The Stirling-Frobenius subset numbers are defined in A225468 (see also the Sage program).

LINKS

Vincenzo Librandi, Rows n = 0..50, flattened

P. Bala, A 3 parameter family of generalized Stirling numbers.

Peter Luschny, Generalized Eulerian polynomials.

Peter Luschny, The Stirling-Frobenius numbers.

FORMULA

For a recurrence see the Maple program.

T(n, 0) ~ A000079; T(n, 1) ~ A005057; T(n, n) ~ A032031.

From Wolfdieter Lang, Apr 10 2017: (Start)

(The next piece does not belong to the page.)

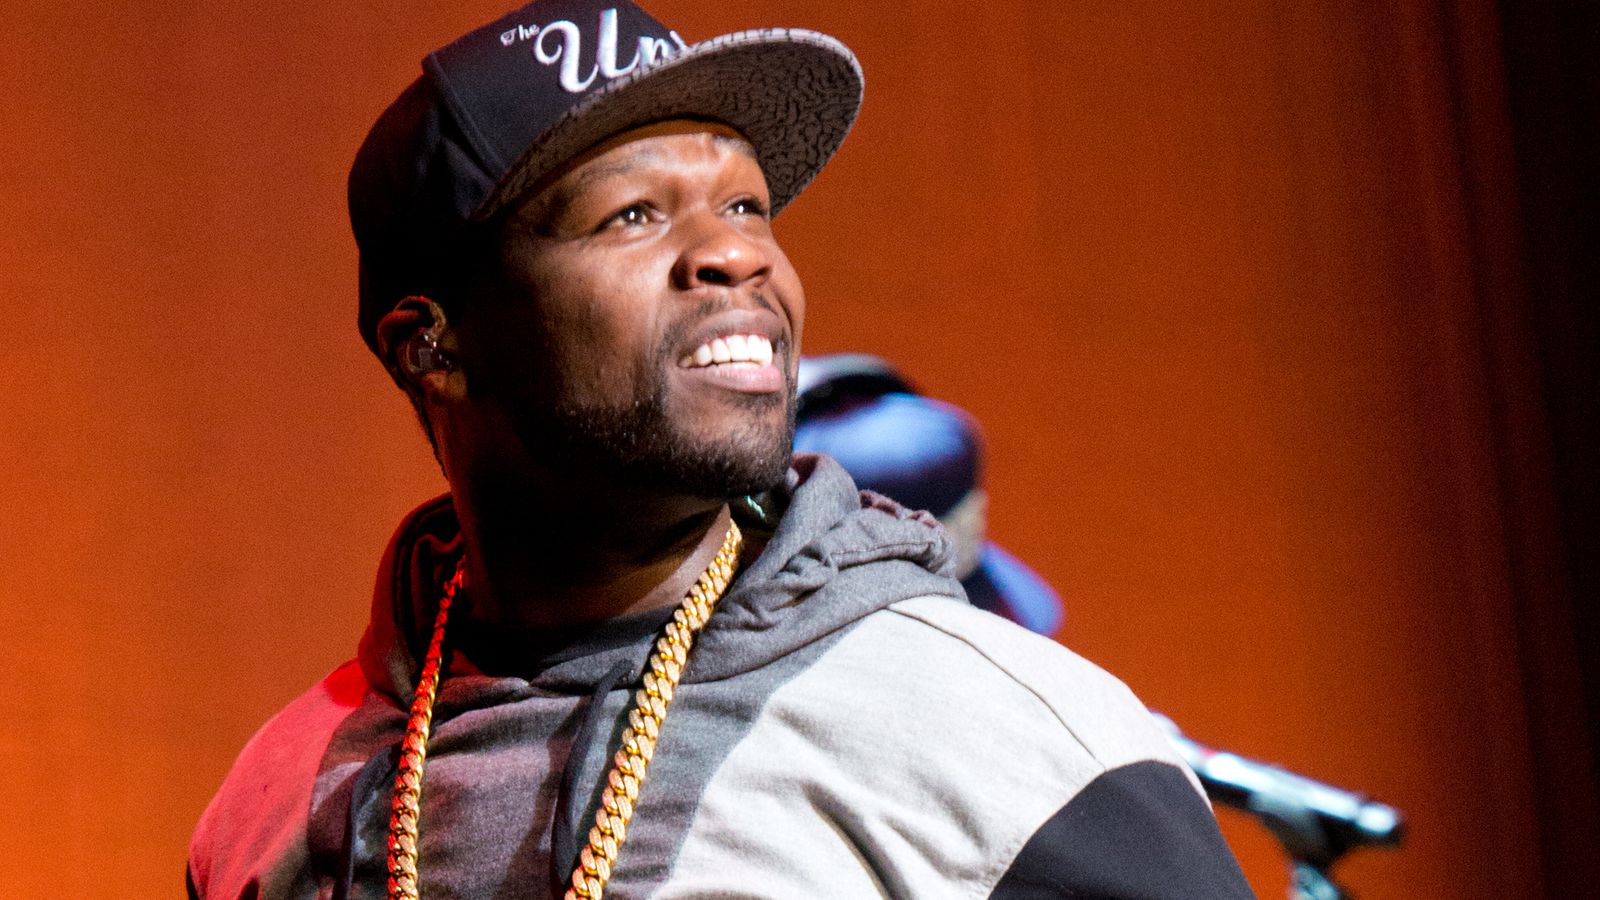 50 Cent Biography, Net Worth, Height, Career & More
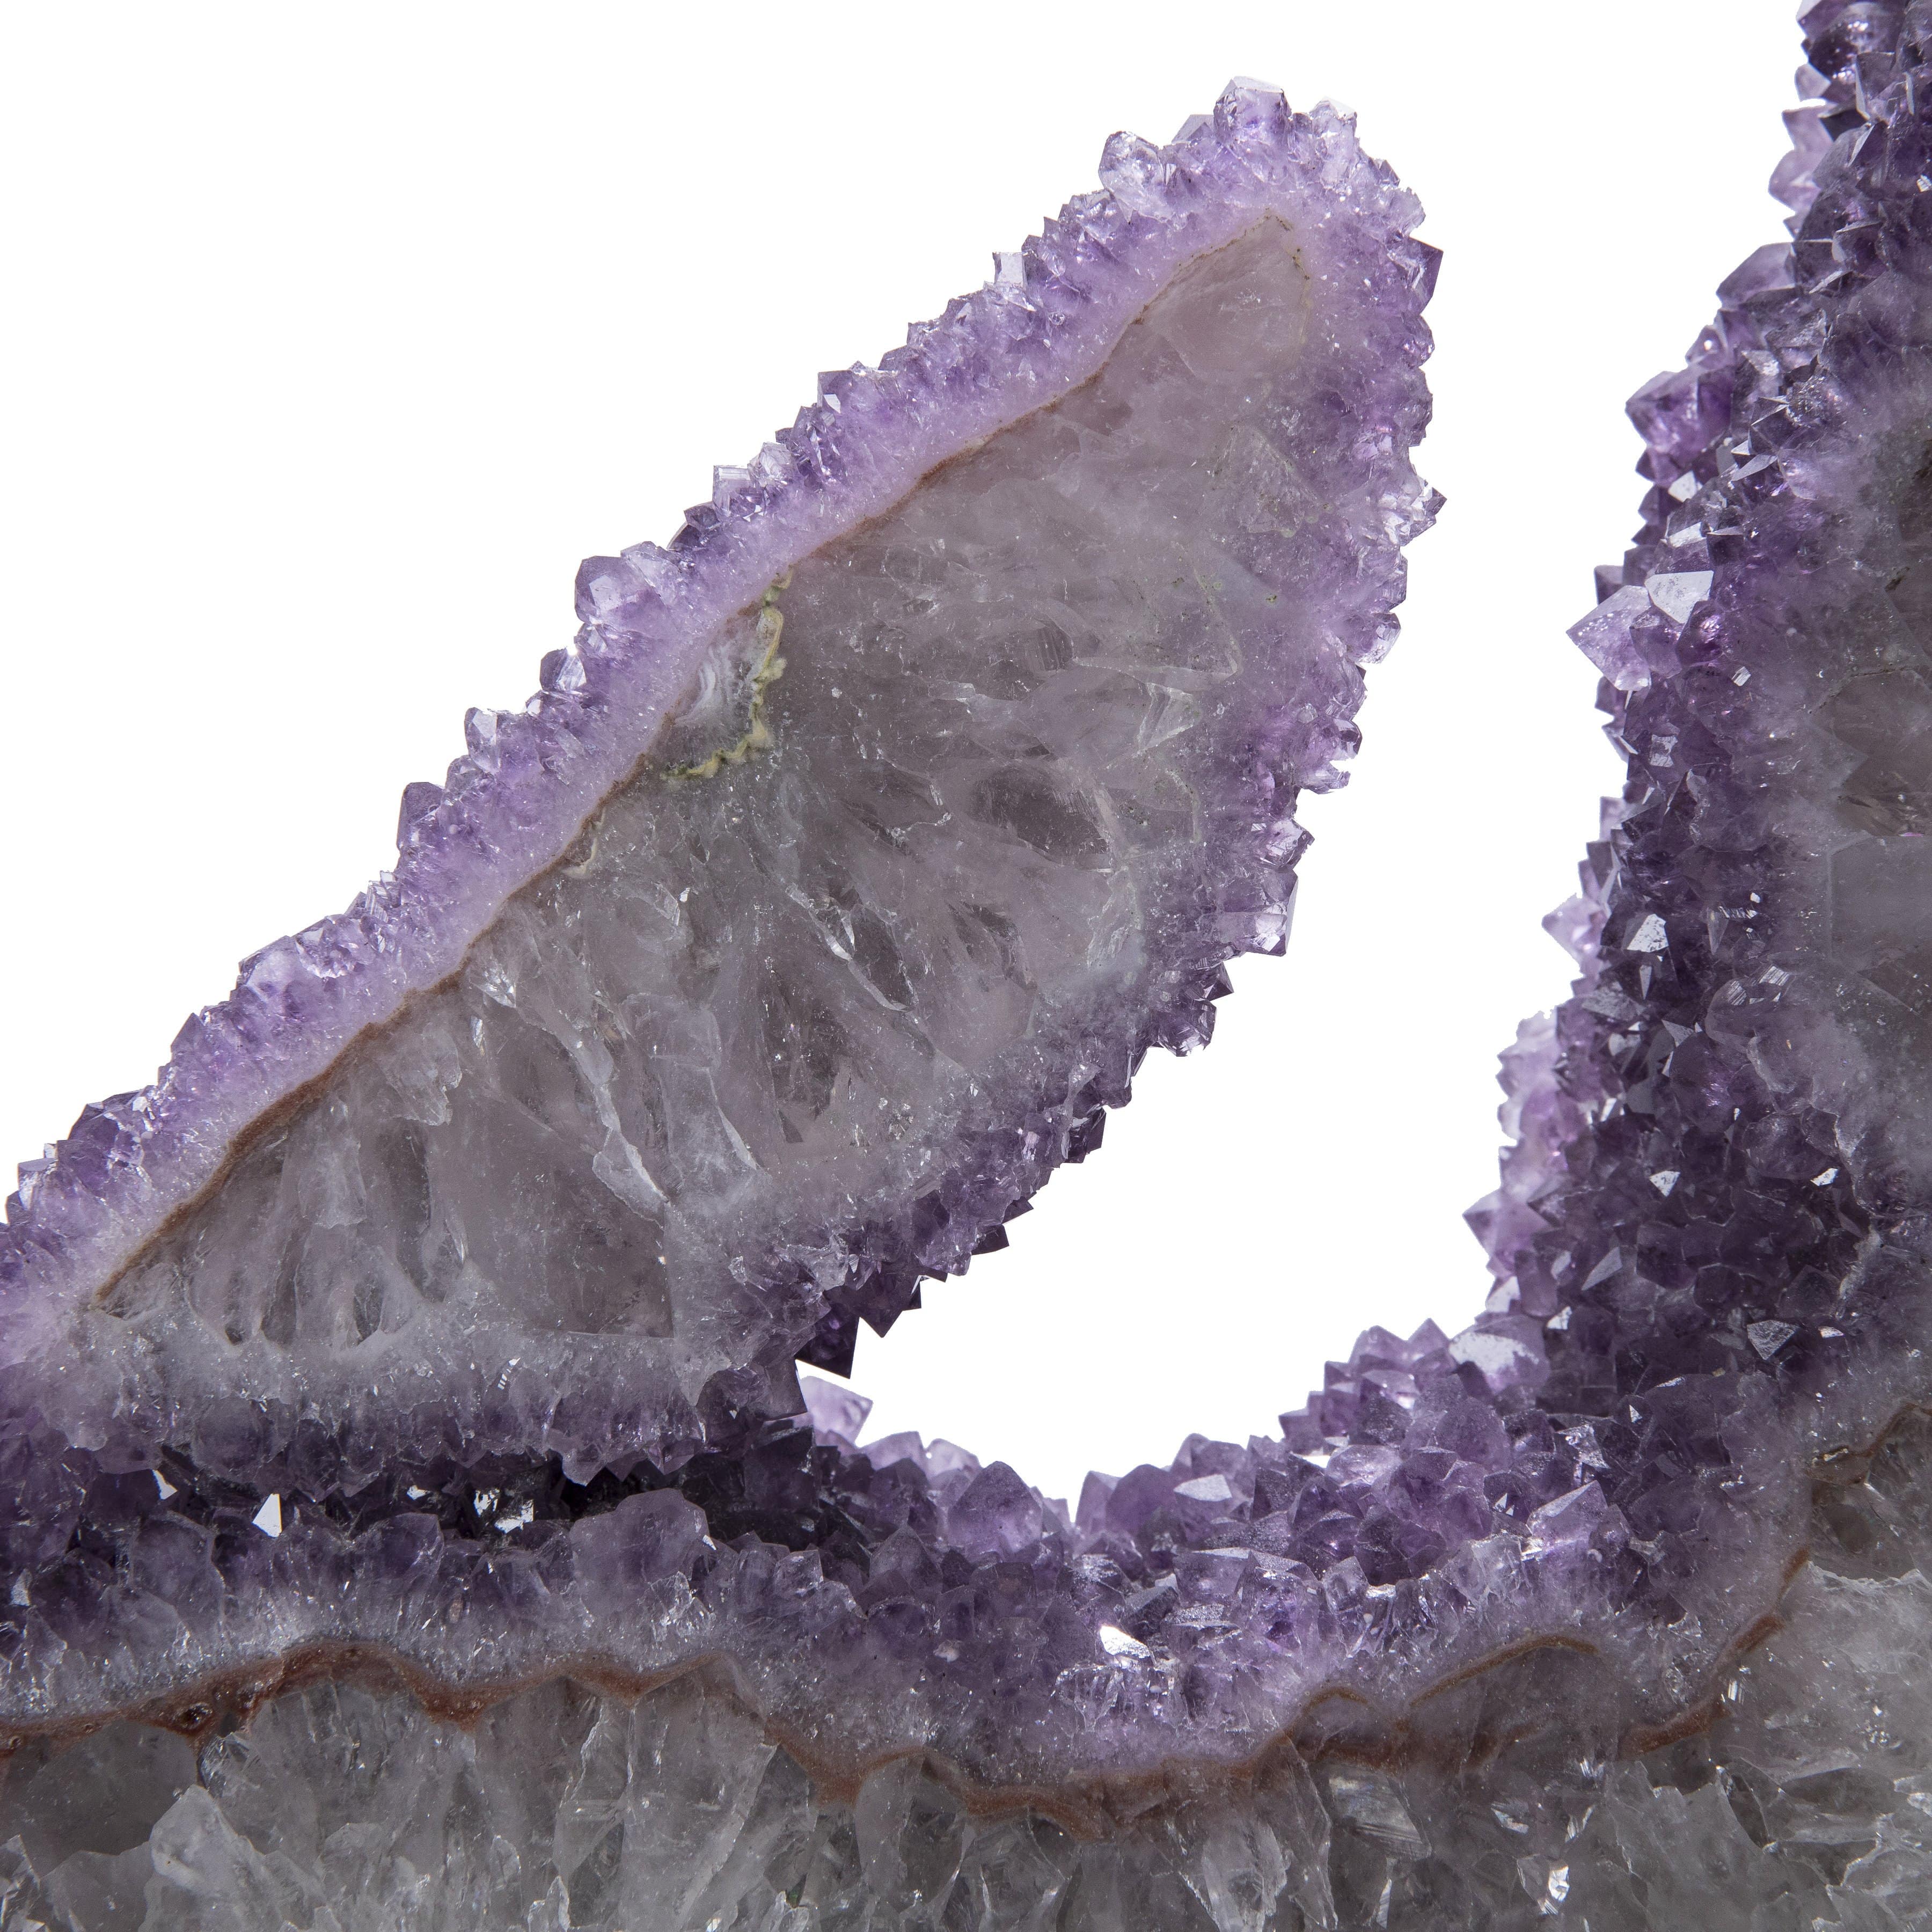 Kalifano Amethyst Natural Brazilian Amethyst Geode Slice on Stand - 46 in / 66 lbs BAG18000.001

E.g.f. for sequence of column k: exp(2*x)*(exp(3*x) - 1)^k, k >= 0. From the Sheffer triangle S2[3,2] = A225466 with column k multiplied with k!.

O.g.f. for sequence of column k is 3^k*k!*x^k/Product_{j=0..k} (1 - (2+3*j)*x), k >= 0.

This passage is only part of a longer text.